In order to overcome the problems referred to above, this area also once attempted to provide some improvement projects, such as 02151203.5 discloses a kind of lamella silicate modified high flame-retardant polyurethane hard bubbles, use the surface-treated layered nano silicate and polyethers or polyester polyol with specified shape, catalyzer, to mix with polyisocyanates after suds-stabilizing agent and fire retardant mixing and intercalation polymeric occurs react, obtained flame retardant resistance and the good PU rigid foam of physical and mechanical properties, although this technical scheme uses fire retardant to solve the problem of flame retardant resistance, but its flame retardant properties only reaches B level (difficult combustion), cannot use under coal mine environment, and its production cost is very high, expensive, still can only use in the commercial building field lower to flame-retardancy requirements up to now, meanwhile, the defect that this product still exists is that maximum temperature reaches 140 DEG C, and in the mining environment such as colliery, application risk is too high.
Comprehensive existing injecting paste material we can see, existing product or use cost high, or expensive, or poor stability, all cannot meet the needs that colliery uses.
Summary of the invention
For the deficiencies in the prior art, the present invention by adopting organically-modified inorganic materials, provide a kind of cheap, intensity is high, maximum temperature lower than 120 DEG C, safety and environmental protection, excellent fireproof performance, convenient construction organic inorganic hybridization slip casting strengthening material and preparation method thereof.
For achieving the above object, the present invention is achieved through the following technical solutions:
A kind of organic inorganic hybridization grouting and reinforcing shaves material, is the organically-modified inorganic materials of A, B two-component, counts by weight:
Component A is for raw material mixes with the catalyzer of 90 ~ 95 parts of silicate and 5 ~ 10 parts.
B component is with the polyether glycol of 10 ~ 30 parts, the small molecule chain extender of 0 ~ 10 part, 40 ~ 80 parts of polyisocyanates, 10 ~ 20 parts of solvents, 0 ~ 5 part of auxiliary agent for raw material, the mixture made after being mixed by each raw material.
In above-mentioned, the consumption for composition employs the phraseology of 0 ~ x part, and represented implication is this composition is optional, can use, and also can not use.
In the present invention, silicate used is water-soluble silicate, includes but not limited to water glass, potassium silicate, lithium silicate etc.

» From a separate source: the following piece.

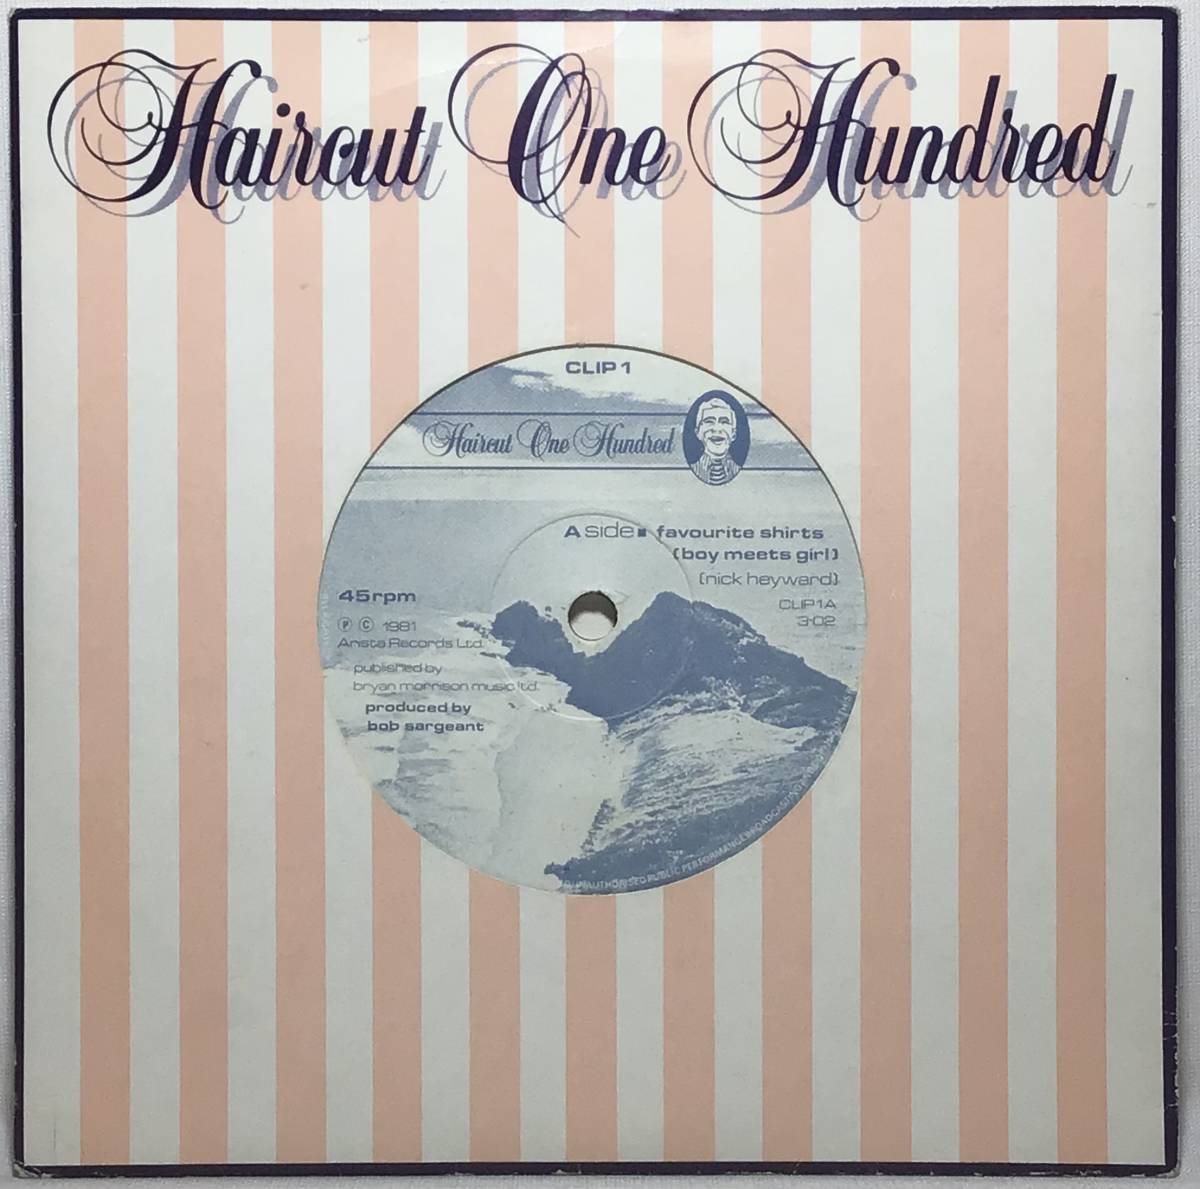 【英7】 HAIRCUT ONE HUNDRED / FAVOURITE SHIRTS / BOAT PARTY / TOWN HOUSE 刻印 1981 UK盤 7インチシングルレコード EP 45_画像1

In the present invention, catalyzer used is one or more the mixture in tetramethyl guanidine, tetramethyl-urea, diazabicylo, 2.4.6-tri-(dimethylamino methyl) phenol etc.
In the present invention, polyether glycol is one or more the mixture in polyether Glycols, polyether-tribasic alcohol, polyethers tetravalent alcohol etc., and molecular weight is between 400 ~ 2000.

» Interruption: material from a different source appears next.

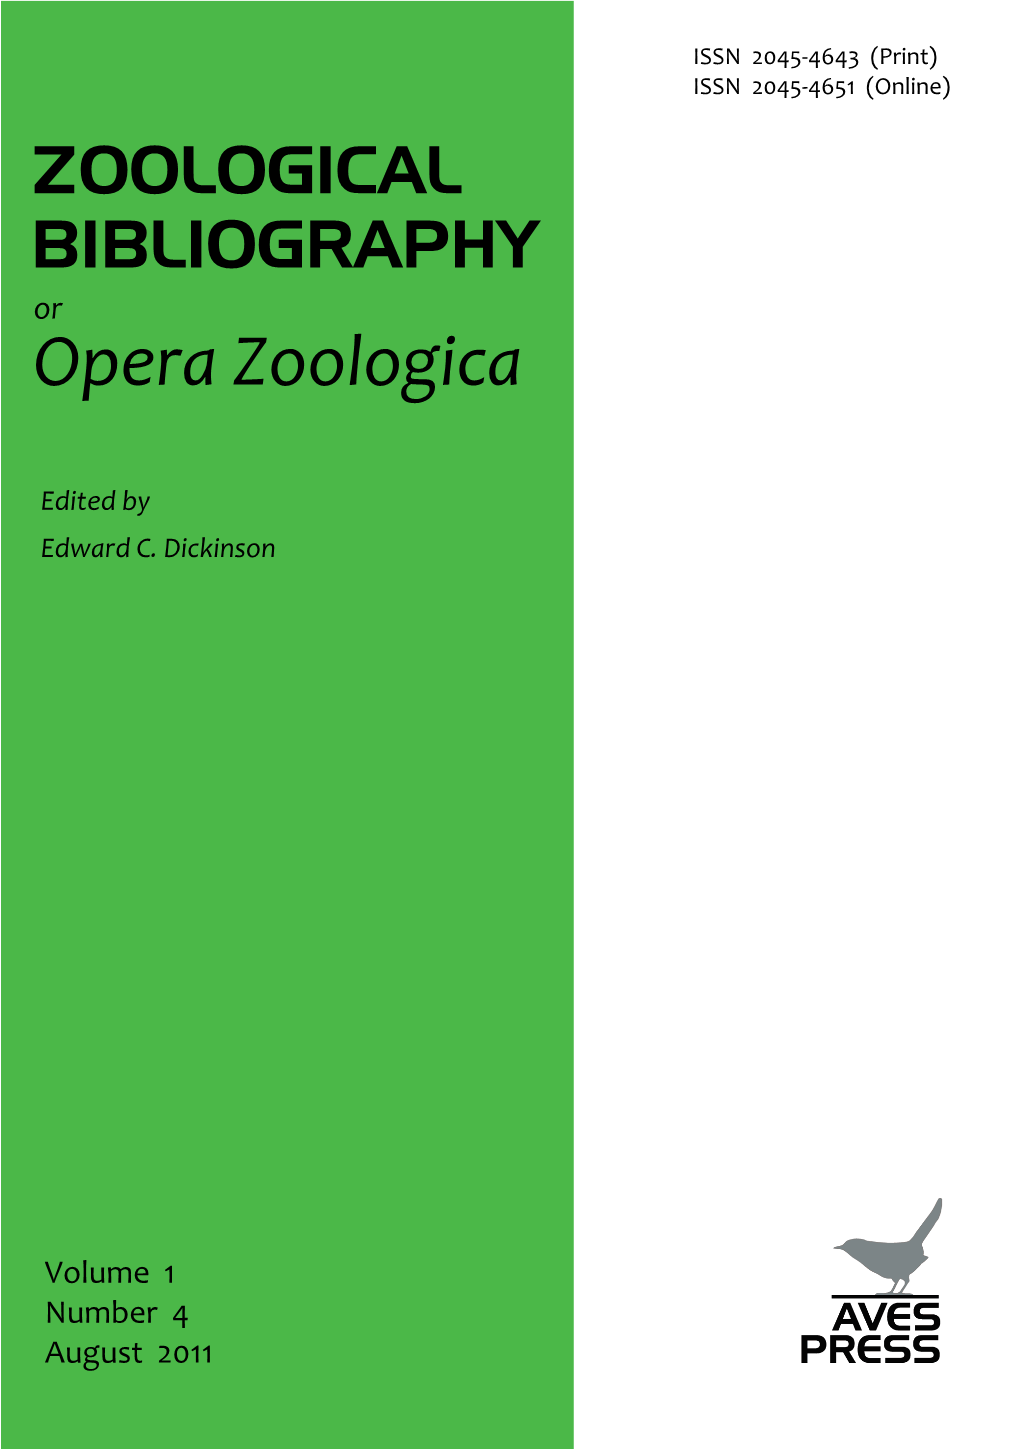 Opera Zoologica

Common the said products, as MN500, DD-4110.
In the present invention, isocyanic ester is polymethylene multi-phenenyl isocyanate and/or polyalcohol modified diphenylmethanediisocyanate.
In the present invention, small molecule chain extender is one or more the mixture in 1,3-in glycol, BDO, hexylene glycol.
In the present invention, solvent used be boiling point higher than 150 DEG C, containing reactive hydrogen, water-soluble and not volatile organic solvent, include but not limited to butyl acetic ester, valerone, butyl glycol ether acetic ester etc.
In the present invention, auxiliary agent is one or more the mixed Jie's thing in flow agent, oxidation inhibitor, uv-absorbing agent etc., and it is known that this analog assistant is generally those skilled in the art institute, and the present invention does not repeat.
Further, present invention also offers the preparation method of described organic inorganic hybridization slip casting strengthening material, comprise the steps:
The preparation method of component A: each raw material getting preparation component A by weight, in reactor, first adds silicate, be added in reactor under whipped state by catalyst drops, after dropwising, continue to be stirred to and react completely, discharging, filters and packages and obtains component A;
Preferably, above-mentioned stirring carries out at ambient temperature; Catalyzer adopts and slowly drips, and controls to drip at 1 ~ 1.5 hour; Catalyzer dropwises rear continuation stirring 20 ~ 50min.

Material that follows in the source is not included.